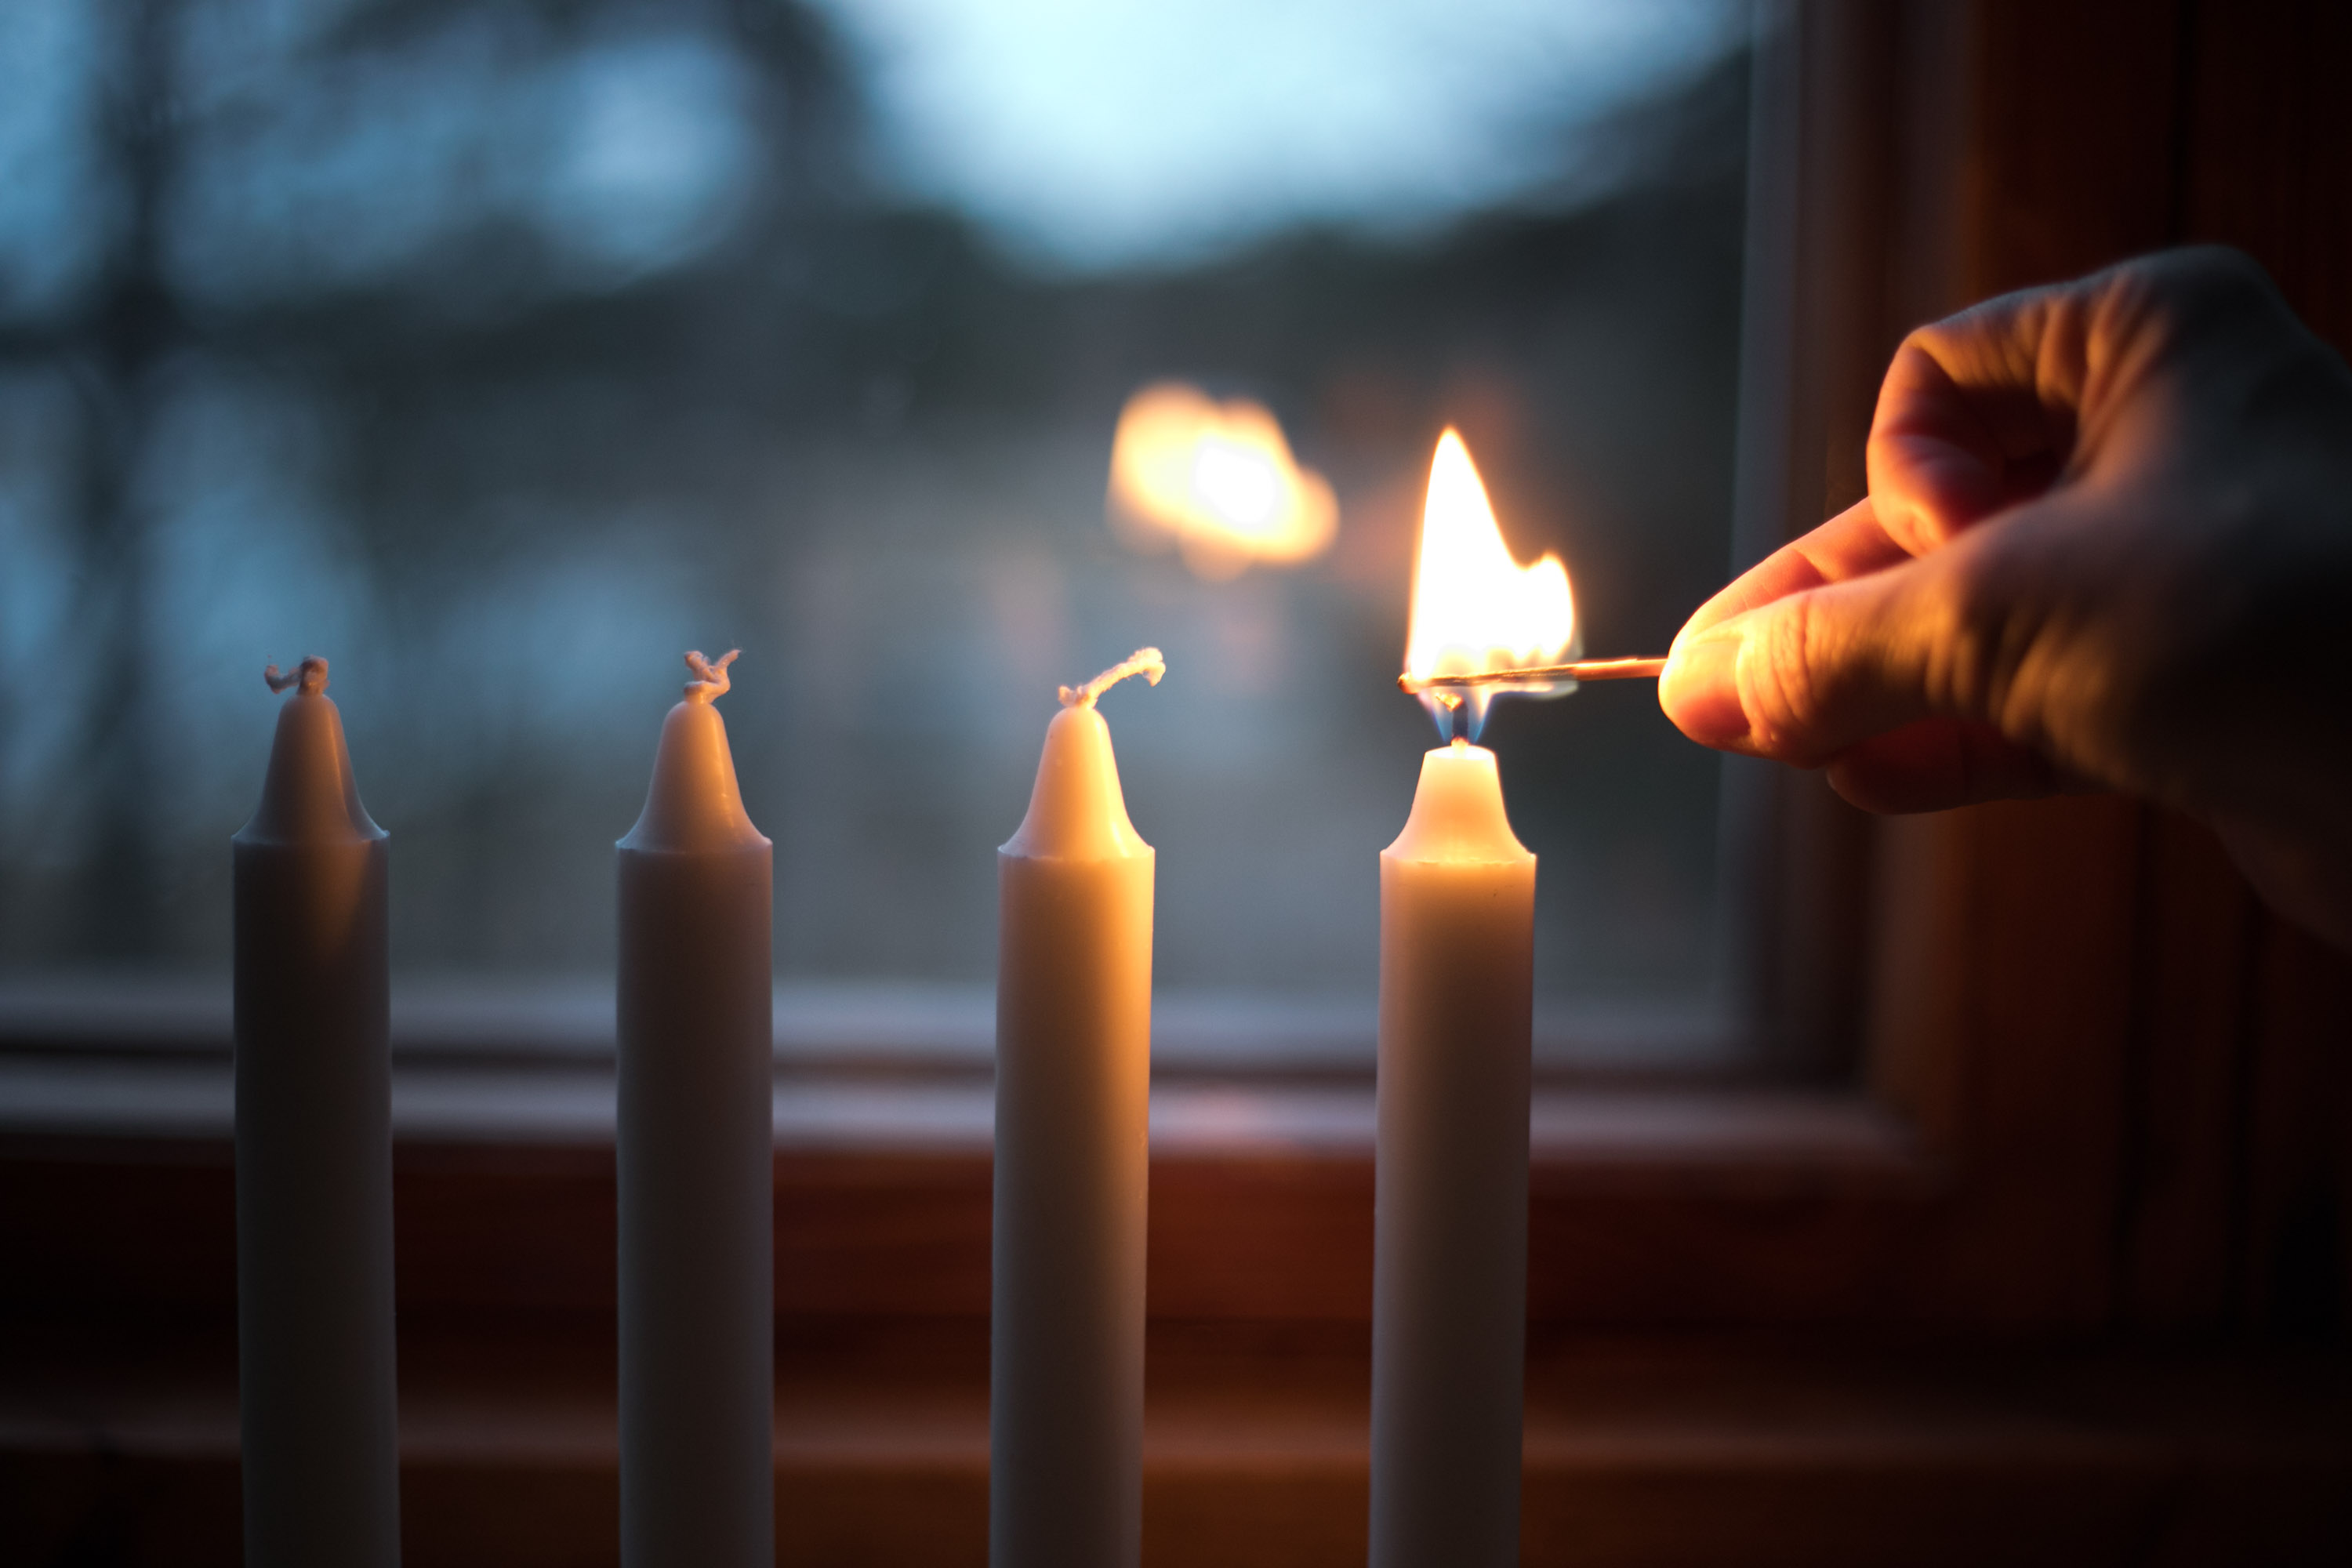 Neljästä adventtikynttilästä sytytetään ensimmäinen kynttilä.
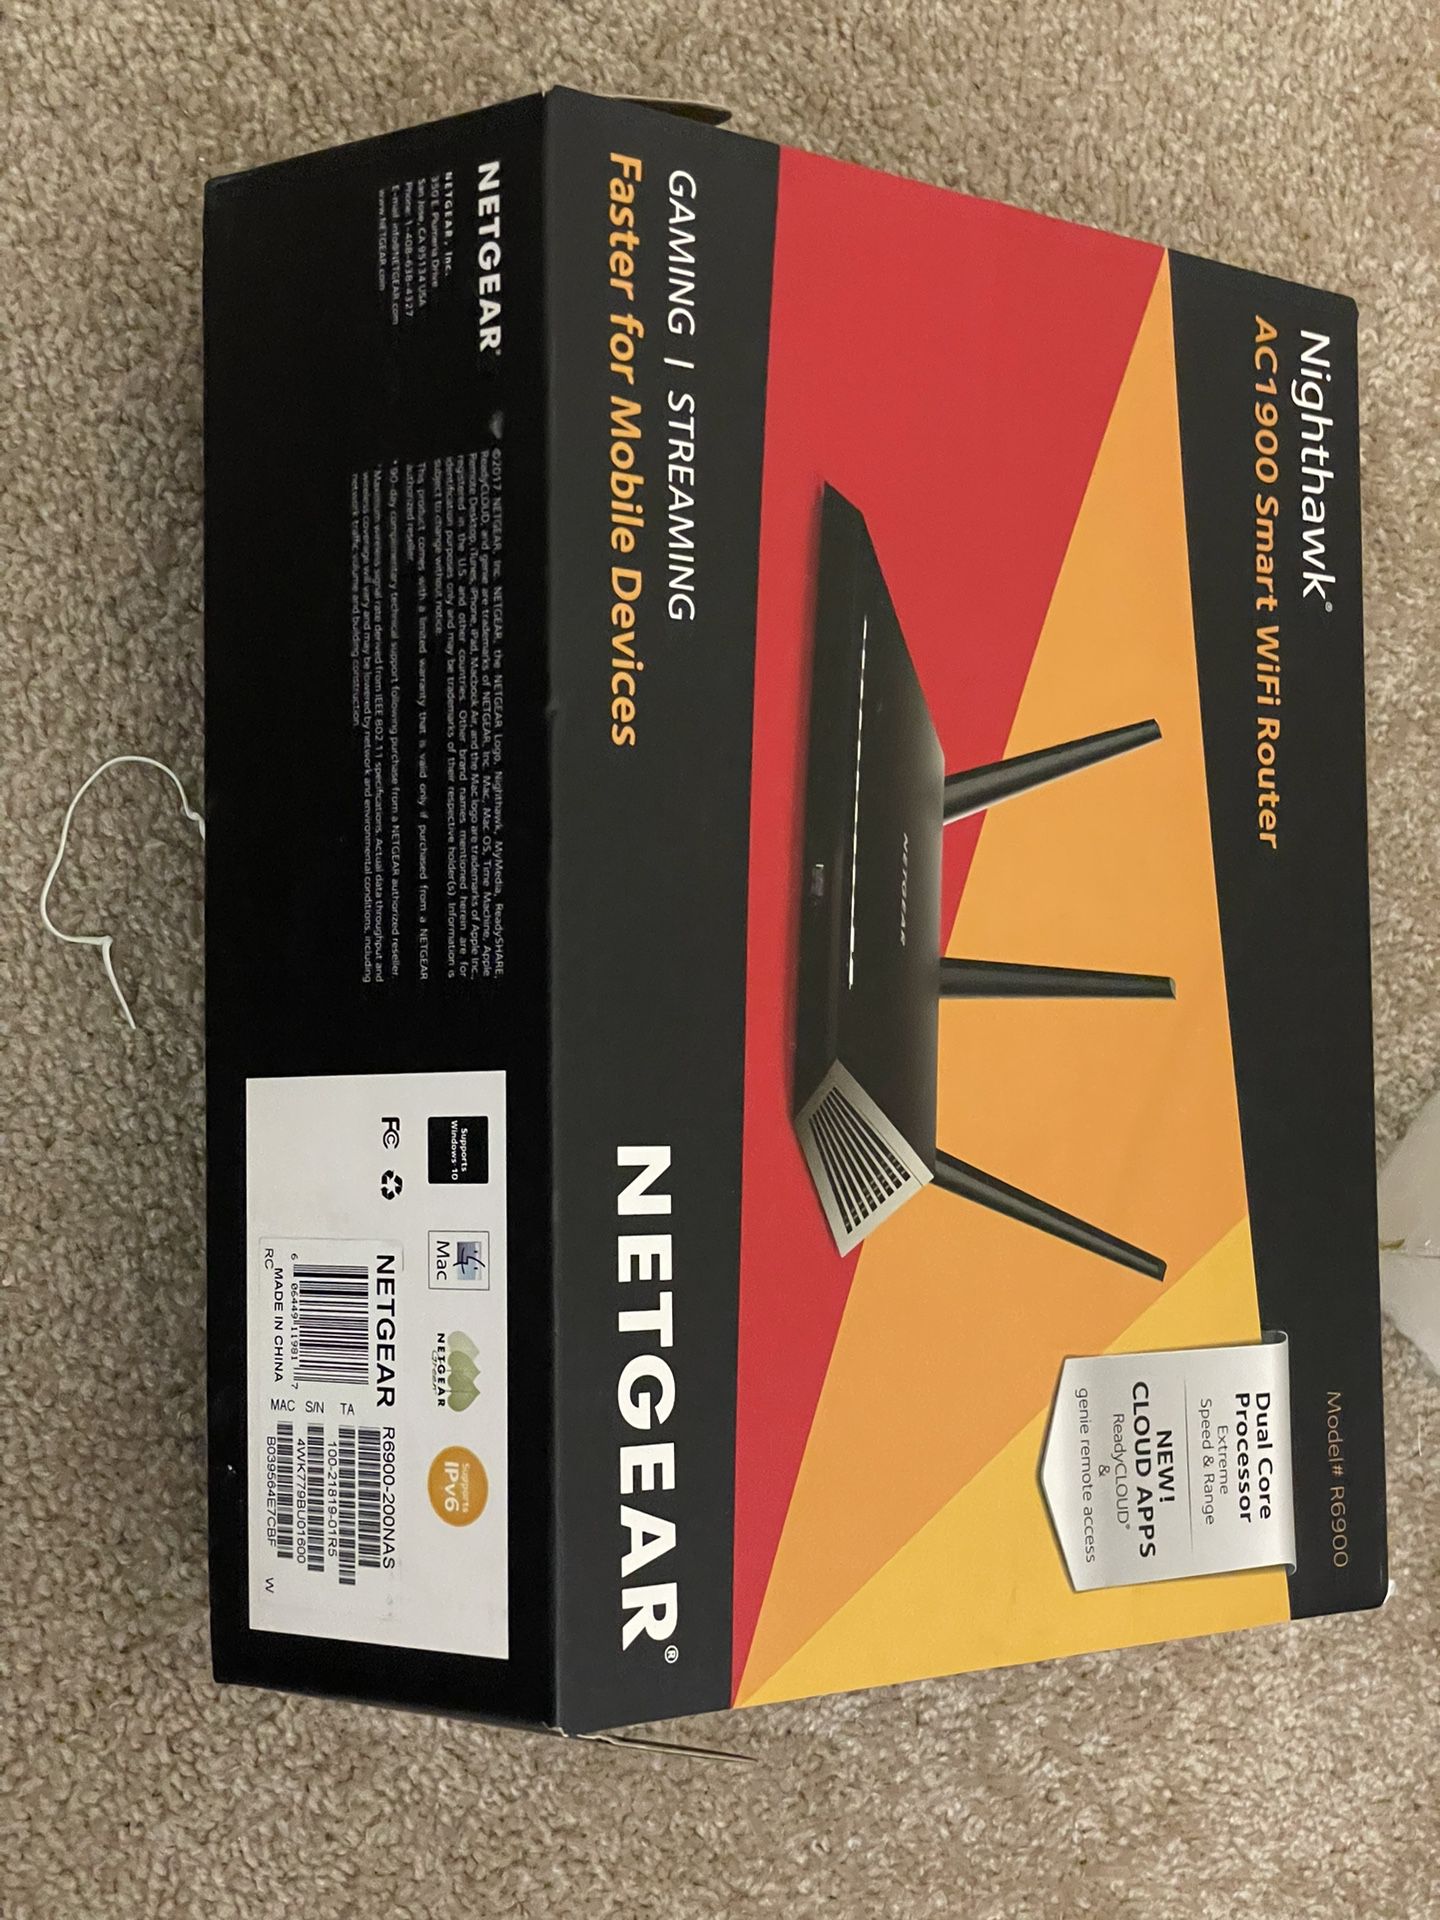 Netgear AC1900 Nighthawk WIFi Wireless Router
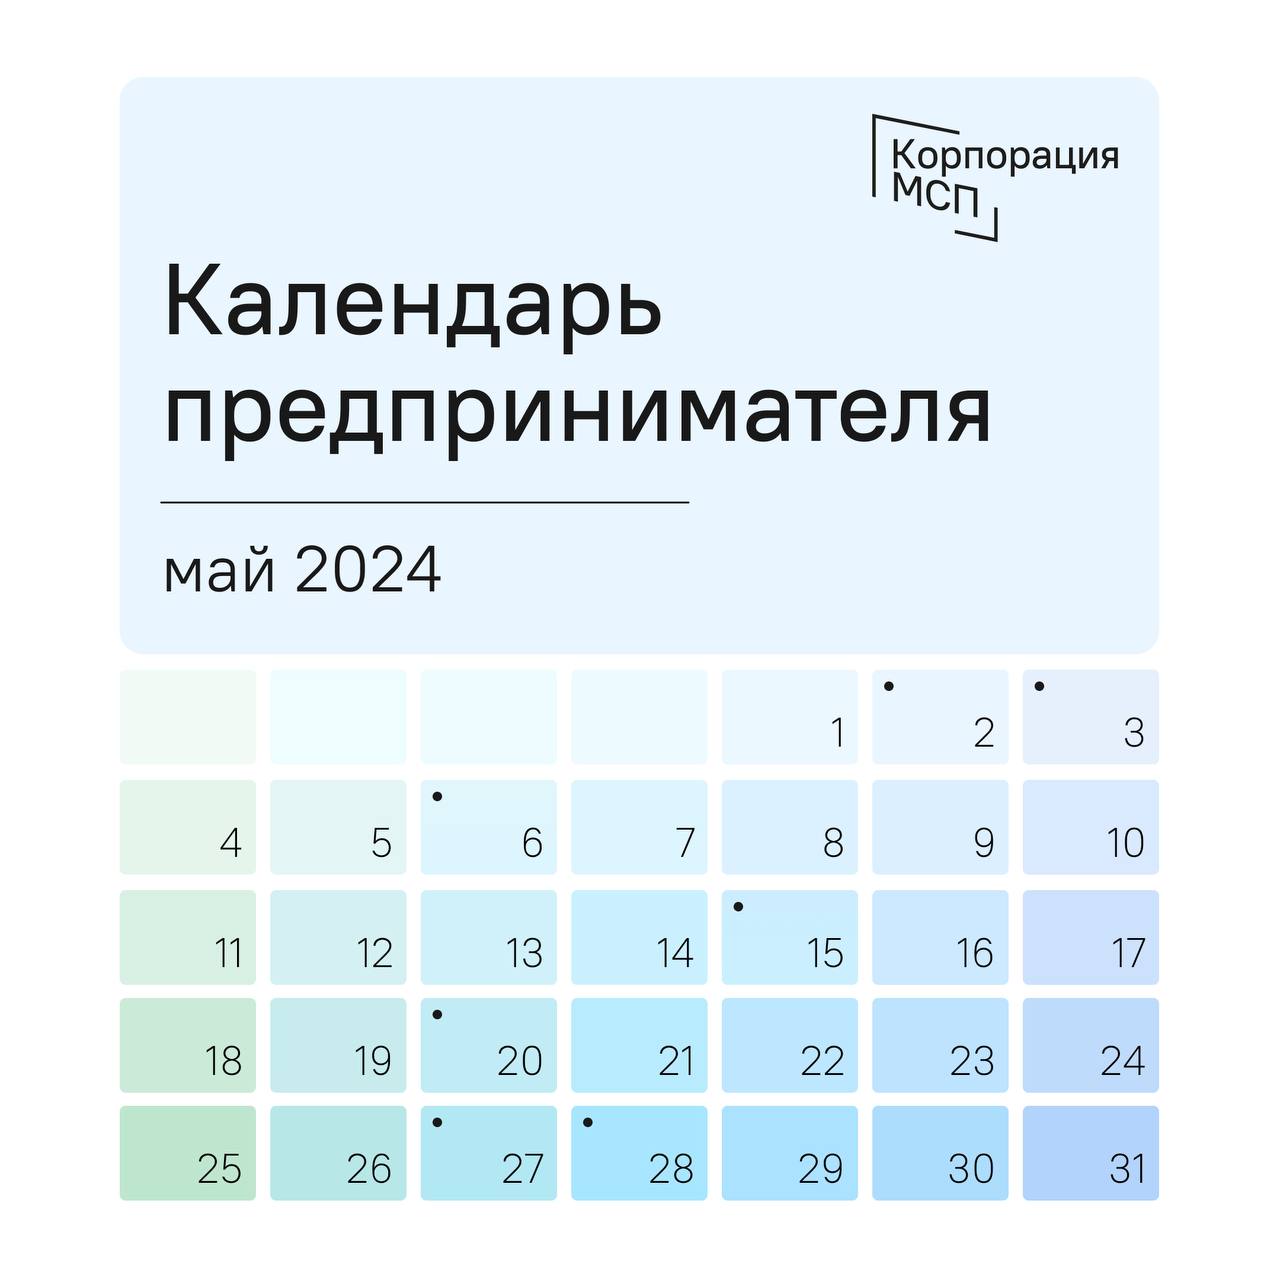 Календарь предпринимателя на май 2024 года.

......

> Task
The data above must be given again in full and unaltered, minus its images.

> Result
 Neljästä adventtikynttilästä sytytetään ensimmäinen kynttilä.
 Netgear AC1900 Nighthawk WIFi Wireless Router
 Календарь предпринимателя на май 2024 года.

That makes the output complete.